Fin de semaine dans les larmes.  Pour pas grand-chose en fait : en sortant fumer une clope, à midi, j’ai vu Dam parler doucement au téléphone.  Evidemment, j’imagine qu’il lui parle à « elle », l’autre.  Lorsqu’il m’aperçoit, il part plus loin.  Et les larmes sont montées d’un coup.  Pourquoi a-t-elle droit au respect que je n’ai pas eu ?  Pourquoi a-t-il des petites attentions pour elle que je n’ai pas eues ?  Pourquoi, l’an dernier, alors que nous étions déjà ensemble depuis plus d’un mois, restait-il toutes les soirées avec les étudiants, alors que cette année, il quitte à la fin de son travail et elle vient le chercher pour rentrer « chez eux » ?  Pourquoi ai-je été privée de tout ce qu’il lui attribue ?  Est-ce les quinze années en moins par rapport à moi qui font la différence ?  Et oui, j’ai craqué…  Discrètement bien sûr !  Je sortais régulièrement noircir les verres de mes lunettes pour cacher mes yeux, et je marchais la tête basse.  Je me suis sauvée à 16 h pour aller chercher le fils à son institut.  Et là, pas de chance !  L’assistante sociale qui nous accueille était seule dans la pièce de réception des parents.  Et elle m’a demandé s’il m’était revenu !  Elle croyait qu’il reviendrait, moi aussi j’y ai cru.  Et les larmes à nouveau !  Elle s’est excusée et tentant de quitter le sujet, elle restait dessus et approfondissait mon désarroi… 

 

Que d’eau salée !  Pour un peu, je me serais crue à la côte !

 

Et encore un morceau de rêve : nous étions tout un groupe en partance pour une terre d’asile.  Sans doute qu’il y avait encore la guerre dans mon pays.  Nous avons embarqué sur un bateau, un grand bateau, et nous avons quitté le port.  En pleine mer, un immense bateau nous a heurtés.  Allions-nous couler ?  Allions-nous résister malgré l’intensité du choc ressenti ?  Réveil.  Est-ce que je sombre vraiment ????

 

Par bonheur, le fils m’a occupée durant la journée, et le beau temps nous a permis de travailler au jardin.  Je creuse, je dessouche, je suis moulue, c’est une bonne fatigue physique…  Même si la pensée reste braquée là où il ne faut pas et si mon fils africain continue de me harceler pour venir vivre ici et me rendre heureuse…  J’ai beau lui dire que je ne suis pas amoureuse de lui, il n’en a cure !  Il veut devenir mon homme, ou il veut se barrer de là-bas sans doute !  C’est au moins un piège dans lequel je n’ai pas l’intention de tomber !

 

17:36 Publié dans Blog | Lien permanent | Commentaires (4)

Commentaires

Je ne suis pas assistante sociale, ni sociologue ni autre truc sociologique du genre, mais ce qui m'interpelle dans ton blog c'est l'addiction de Dam.
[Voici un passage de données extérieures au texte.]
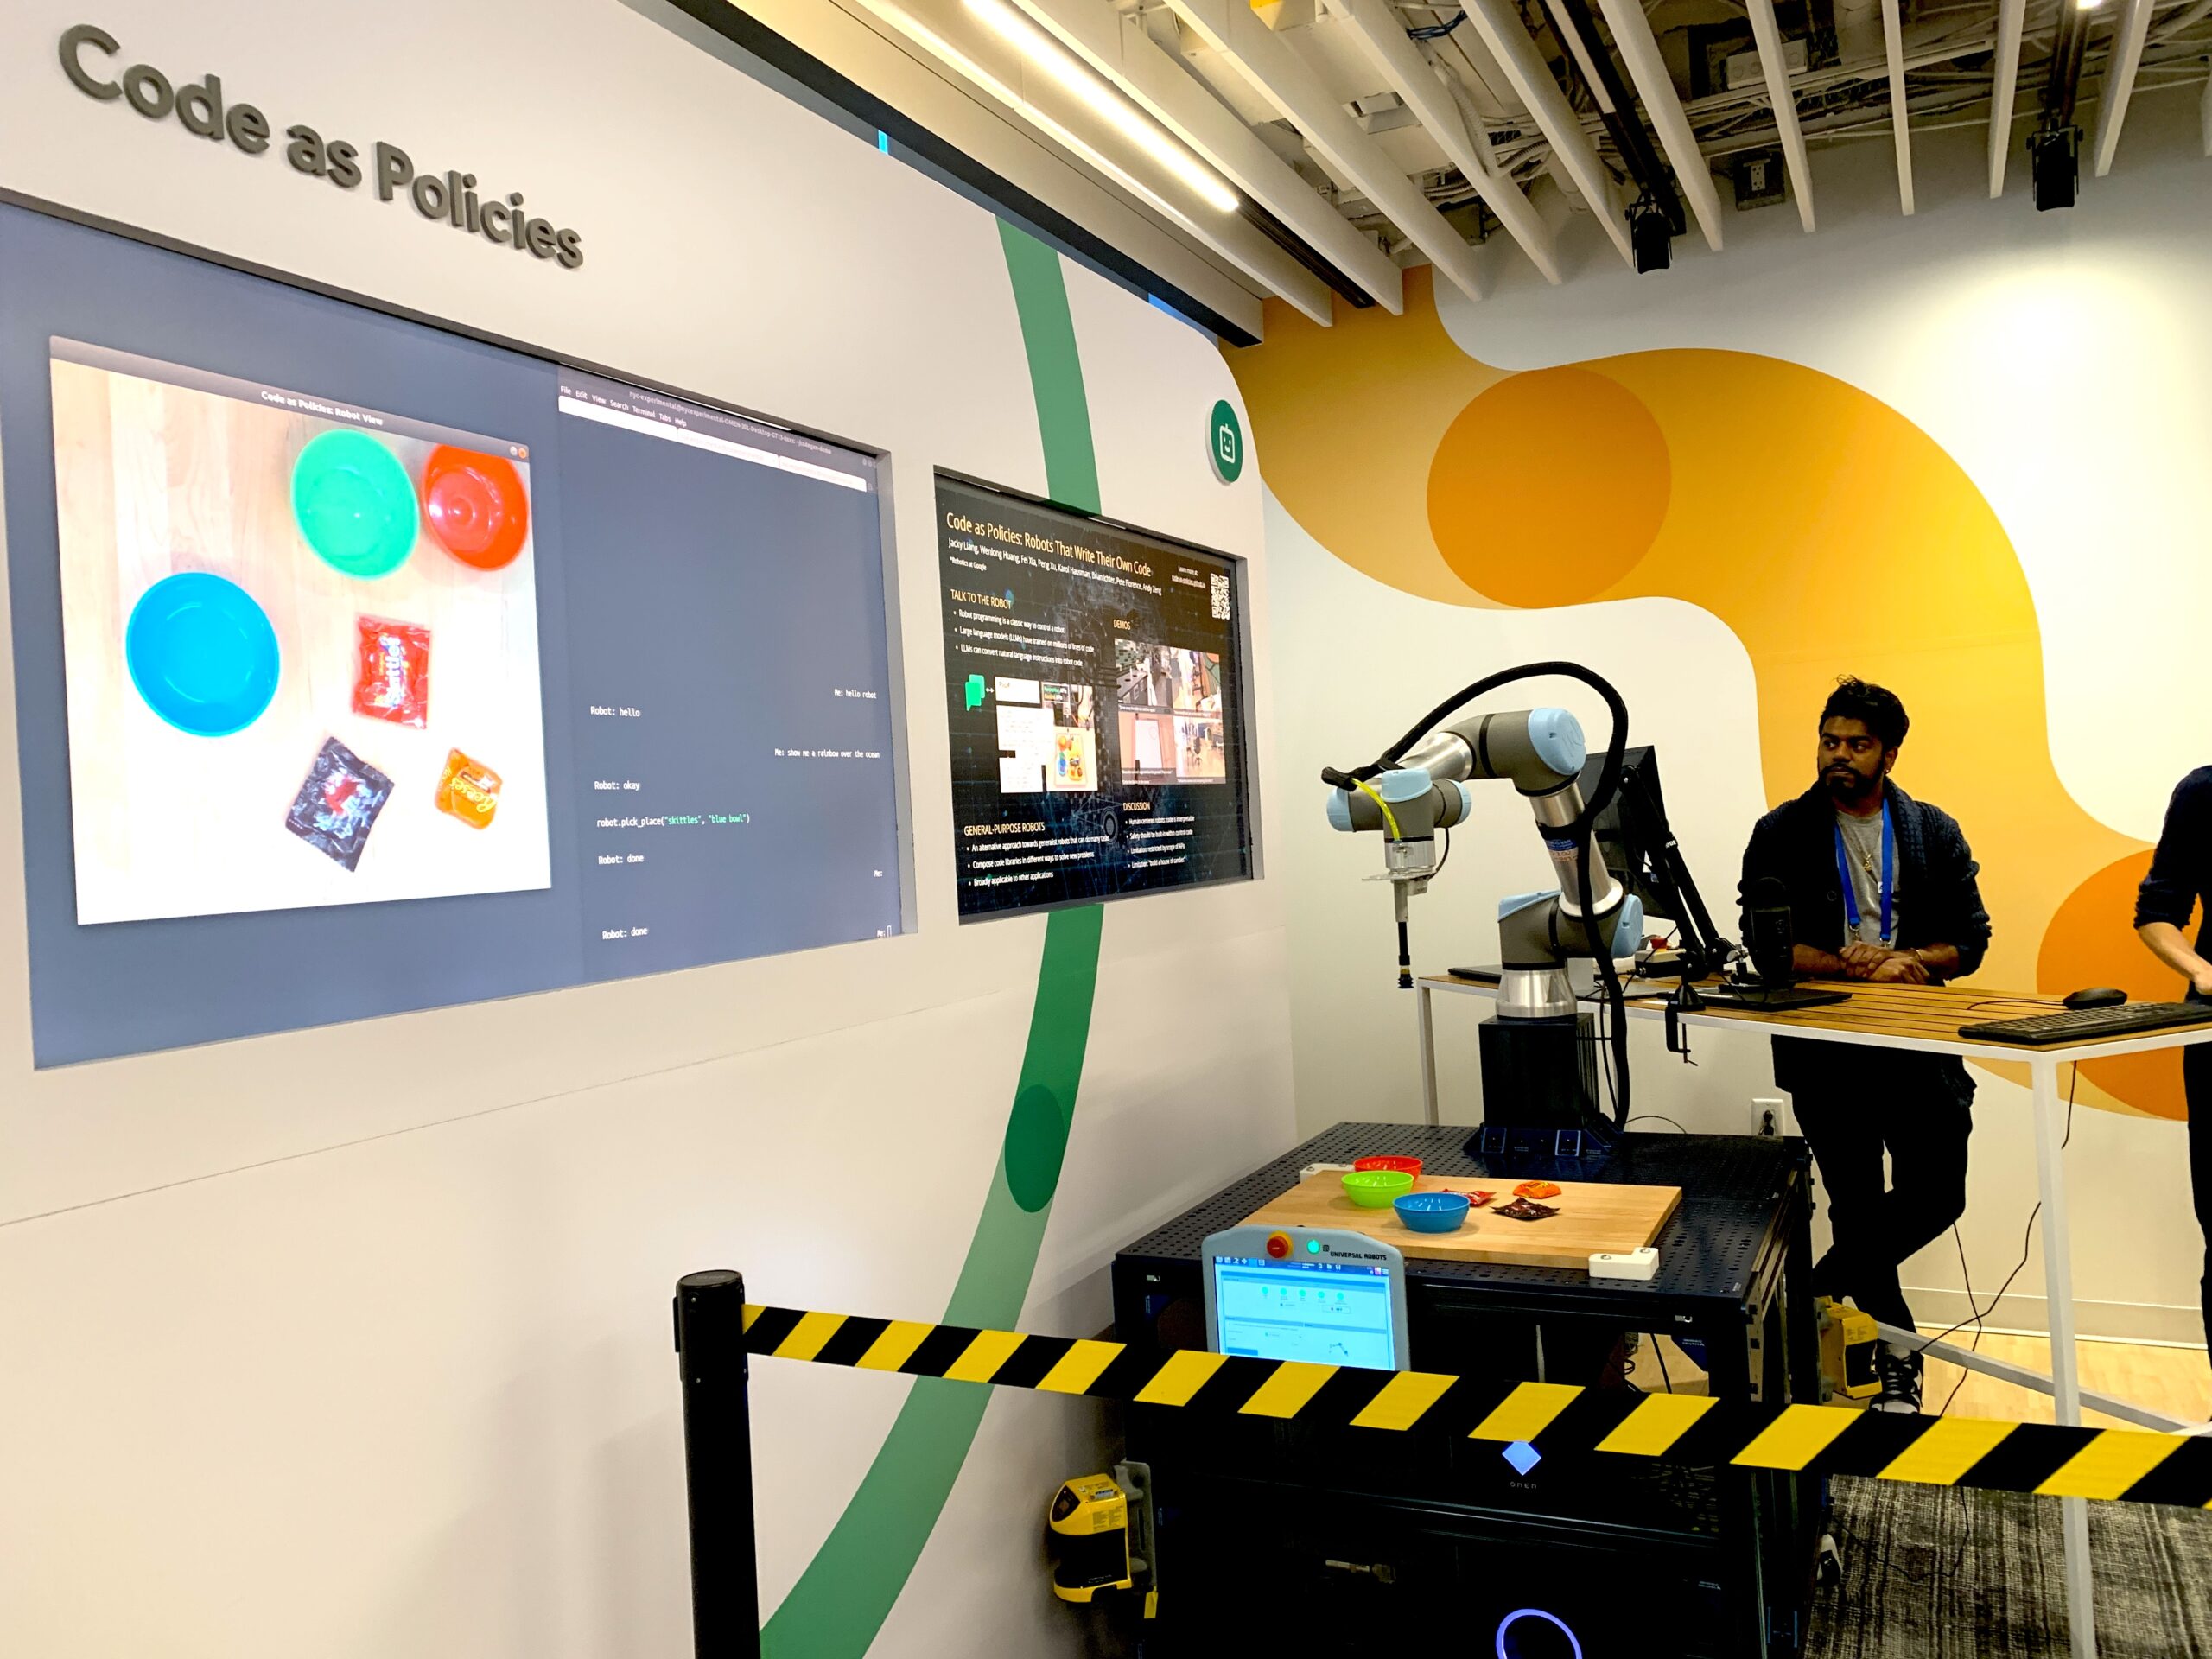 Code as Policies robot demo at Google AI event

Je croyais que les drogues hard, on ne les rencontraient qu'en ville. Qu'à la campagne, c'était moins courant. D'accord, la bibine et autres trucs du genre, je peux comprendre, vu que dans les patelins du style rural ça doit pas être la joie tous les jours, tout le monde connaît tout le monde, le train-train quotidien doit pas être super excitant et donc le recours à la pompe à Jupiler, Maes et autres liquides houblonneux à mousse peut aider. Mais l'héro, là, je pige moins...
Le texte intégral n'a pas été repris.